Government Changes To Salary Sacrifice
Unfortunately it appears the days of salary sacrifice are coming to an end. The scheme is estimated to have cost the government as much as £5 billion a year. In the Autumn statement the chancellor Phillip Hammond announced that they are curtailing the salary sacrifice perks with the exception of employer pension contributions, employer-supported childcare and the cycle to work scheme.
This means the salary sacrifice scheme will no longer be beneficial to workers taking out smartphone contracts, buying a car, taking out private medical insurance or buying TV’s and white goods.
HMRC has recently released its consultation document and said that the changes would most likely be part of the Finance bill 2017.
Curtesy of the Money Advice Service: Salary sacrifice is when you agree to exchange part of your salary for extra benefits from your employer. Benefits offered can include child care vouchers, a company car oradditional pension contributions.

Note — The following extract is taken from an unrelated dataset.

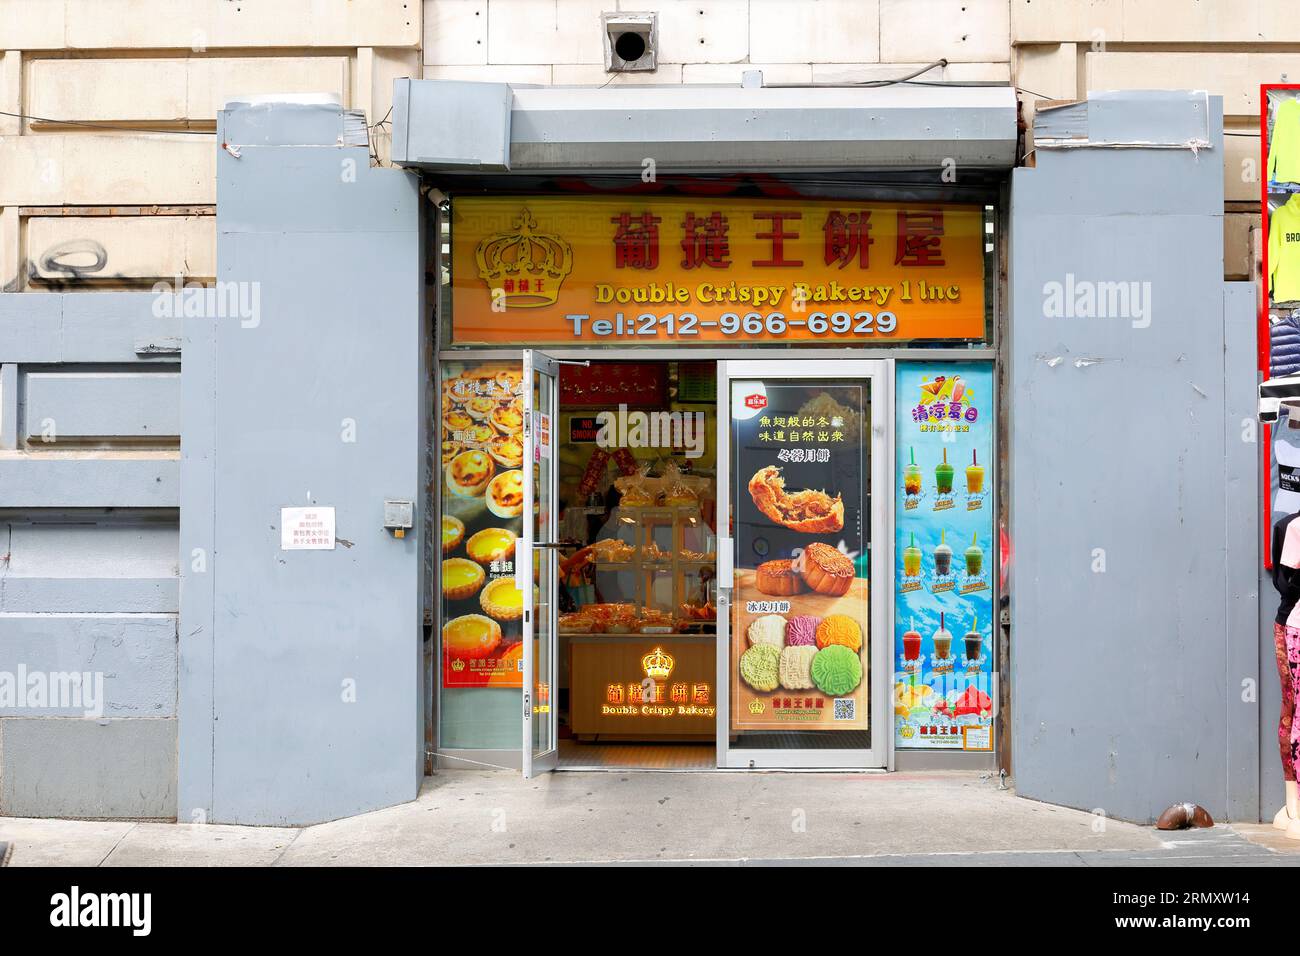 Double Crispy Bakery 葡撻王餅屋, 230 Grand St, New York, NYC storefront photo of a Chinese bakery in Manhattan Chinatown. Stock Photo

Many organisations offer salary sacrifice schemes. The benefits are clear – you pay less tax and you have a wider choice of benefits including:
- Company cars
- Child care vouchers
- Work related training
- The cycle to work scheme
- Car parking near your workplace
- Additional pension contributions
Things To Consider
Sacrificing part of your salary means you will earn less. This can affect things like your maternity pay or mortgage applications. It can also affect your state pension contributions or the amount you receive in benefits and your life insurance contributions and payouts.
How Does Salary Sacrifice Save Your Employer Money
Your employer will save money by offering salary sacrifice because the company will not pay National Insurance Contributions on the amount of salary you give up.